# Bright Yellow Oily discharge from Mermaid Marine Air Conditioner



## jobrantley (Jun 7, 2007)

Hi all, 
I have a small (5200 btu??) Mermaid Reverse Cycle air conditioner/ heater in my small sailboat. I believe it was installed new in 2001. 
It has worked flawlessly for me the past 5 years that I have owned the boat...until now. 
During my spring recommisioning I noticed a bright yellow (almost neon) oily discharge that had appeared to leak from somewhere in the unit/pump. When I use the quarter turn valve (it is inline between the seawater pump and the ac unit) to help prime the pump I get the same discharge from it (along with the seawater).
I used the AC the other night and it seemed to work fine for at least 8 hours but when I woke up in the morning only the fan was running with no cooling. There was a minimal amount of the bright yellow/neon oily discharge below the unit.

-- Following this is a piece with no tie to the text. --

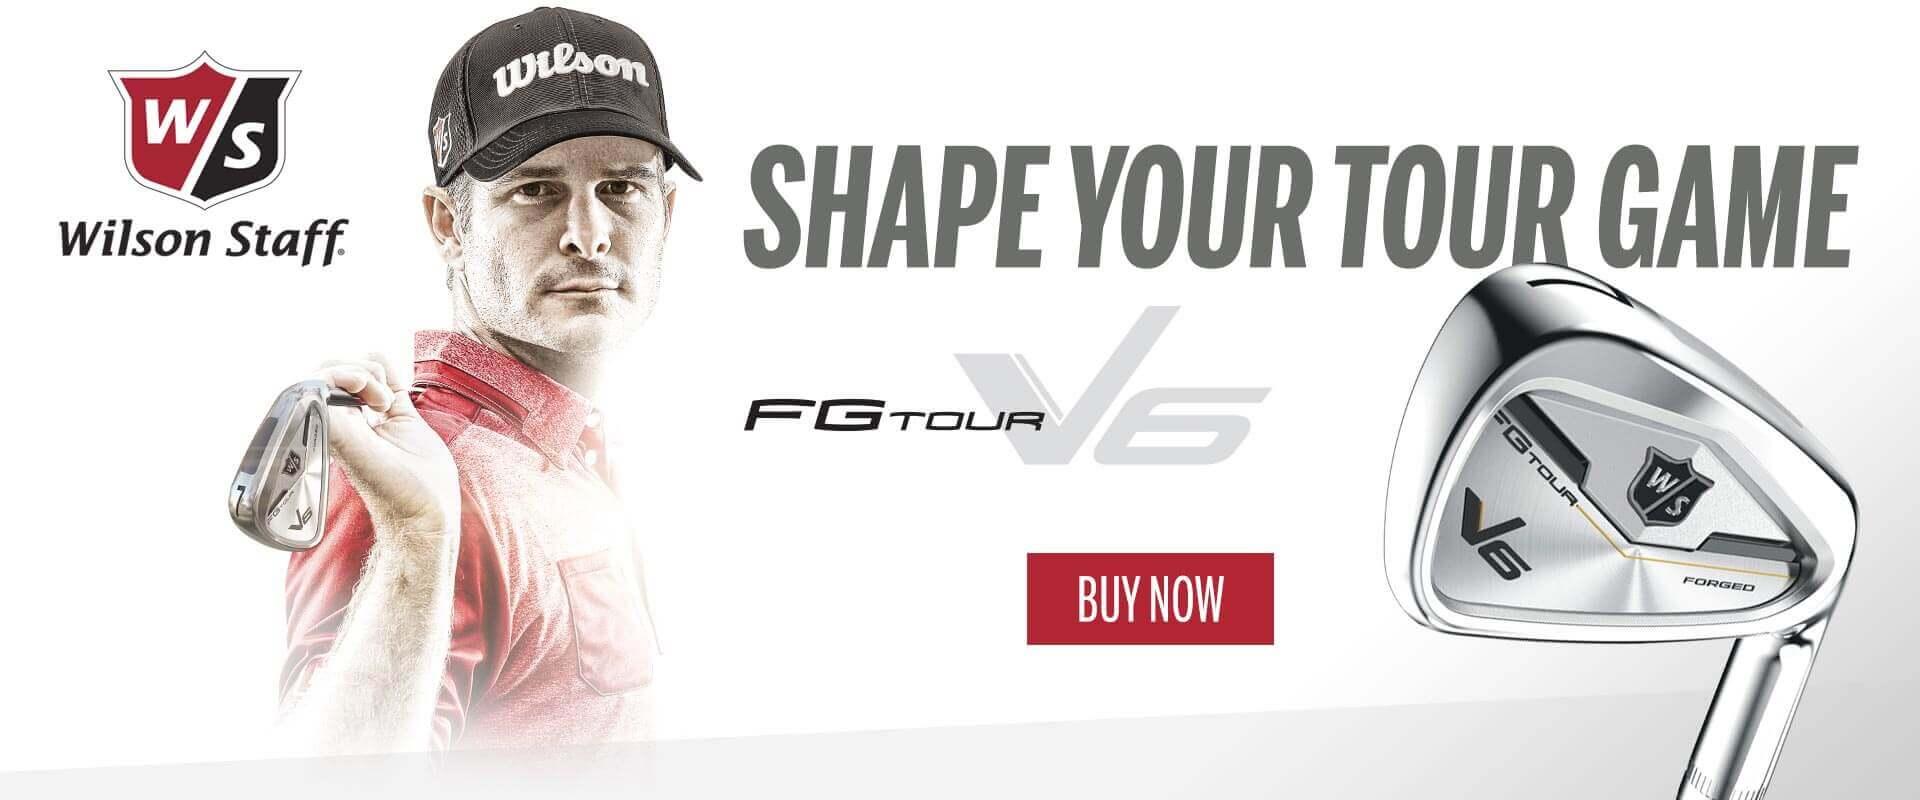 Shape Your Tour Game - FG Tour V6

Is this a refrigerant leak (form the ac unit) or a lubricating oil leak (from the water pump)????? Could something have frozen and cracked during the winter that caused this?

thank you for your thoughts and help with this,

Jon


----------



## JimsCAL (May 23, 2007)

Sounds like you may have a leak in the condenser since its showing up in the cooling water. Pretty sure the yellow stuff is oil, and the leak has also allowed the refrigerant to escape. Contact the manufacturer. My guess is you need a new condenser.


----------



## pdqaltair (Nov 14, 2008)

jobrantley said:


> Hi all,
> 
> Is this a refrigerant leak (form the ac unit)
> 
> Jon


Yup. The refrigerant lube is dyed neon to make finding leaks simple. It's really bright under UV.

Sorry.


----------



## jobrantley (Jun 7, 2007)

thank you guys for the info........gotta get to work on this before the next heat wave  

Jon


----------



## hellosailor (Apr 11, 2006)

Jon, FWIW if you are seeing oil (yes, the bright yellow is leak detection dye) now, you are also losing refrigerant and if you can actually SEE it, there's a major leak. The good news is that a $50 UV light kit will tell you where that dye is coming from and where the leak is.

the bad news is that every time you use the system, the gas expands out, and when you shut down the system sucks in air and moisture--which will form acid and damage the system from the inside. So the system really should not be used in this condition at all, until it can be _purged _and refilled.


----------



## deniseO30 (Nov 27, 2006)

Do check the name plate information. I'ts most likely 134 refrigerant which is yellow. On such a newish unit I'd think and wonder about electrolysis in the heat exchanger coil. It's unlikely the mfg put dye in a new machine although 134 does look neonish. caution, it's somewhat caustic to plastic and rubber. and DON'T get any in your eyes. If the leak is indeed in the HX it's most likely easier to replace the HX then try to fix it. ANY hvac tech should be able to handle it.


----------



## jobrantley (Jun 7, 2007)

thank you for the additional info. I am going to contact and HVAC tech when I get back in town on Monday. Anybody have any good recommendations in the Annapolis/Deale area????

thanks again!
Jon


----------